The simulation is performed with BASEHPC on 16 CPU threads (12th Gen Intel(R) Core(TM) i7-1260P), requiring only 0.075 seconds of CPU time for 10 seconds of simulated physical time.
The simulated water surface and velocity look like:

More details in the case README
This case reproduces the H_BP_4 case documented in the Testcases.pdf shipped with BASEMENT. This hydraulic test case benefits from the well known real world dataset from the Malpasset dam break in France. The complex geometry, high velocities, often and sudden wet-dry changes and the good documentation allow for a fundamental evaluation of the hydraulic code.
The Malpasset dam was a doubly-curved equal angle arch type with variable radius. It breached on December 2nd, 1959 all of a sudden. The entire wall collapsed nearly completely what makes this event unique. The breach created a water flood wall 40 meters high and moving at 70 km/h. After 20 minutes, the flood reached the village Frejus and still had 3 m depth. The time of the breach and the flood wave can be exactly reconstructed, as the time is known, when the power of different stations switched off.

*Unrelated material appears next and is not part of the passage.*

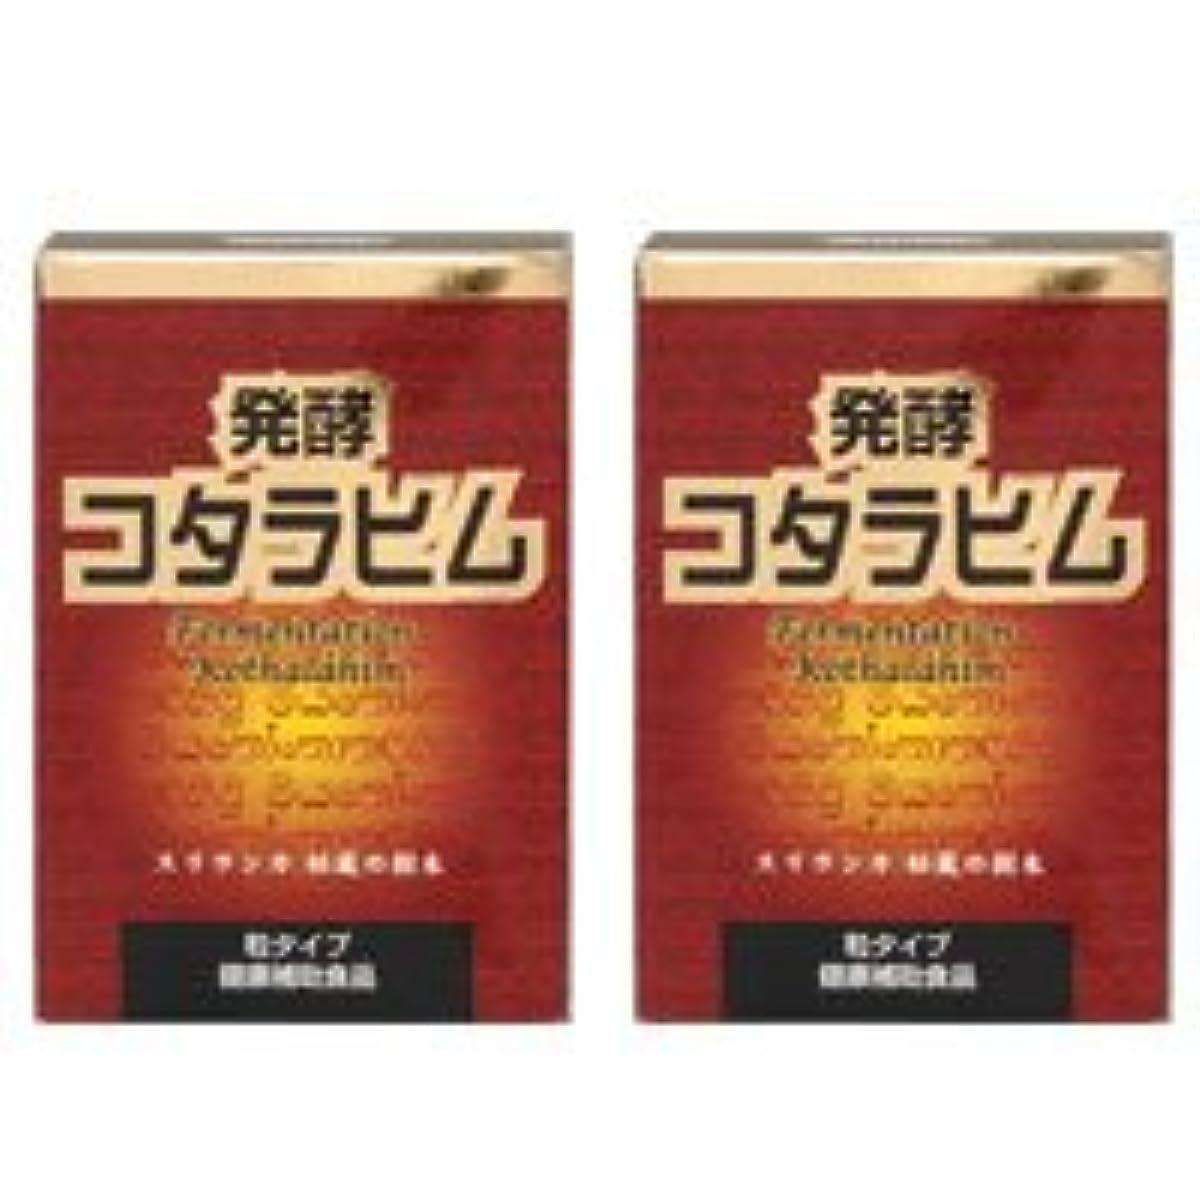 必要性精通したブレイズ発酵コタラヒム2個セット【糖を変化させるコタラヒム】

The figure below shows the computational grid used for the simulation, which can be downloaded from here.
The initial water surface elevation in the storage lake is set to +100.0 m.a.s.l. and in the downstream lake to 0.0 m.a.s.l. The area downstream of the wall is initially dry. At t=0, the dam is removed and we track the flood wave up to 300 seconds. For detailed description please see the README in the /03_malpassetdambreak or section 1.4.4 H_BP_4: Malpasset dam break in the Testcases document.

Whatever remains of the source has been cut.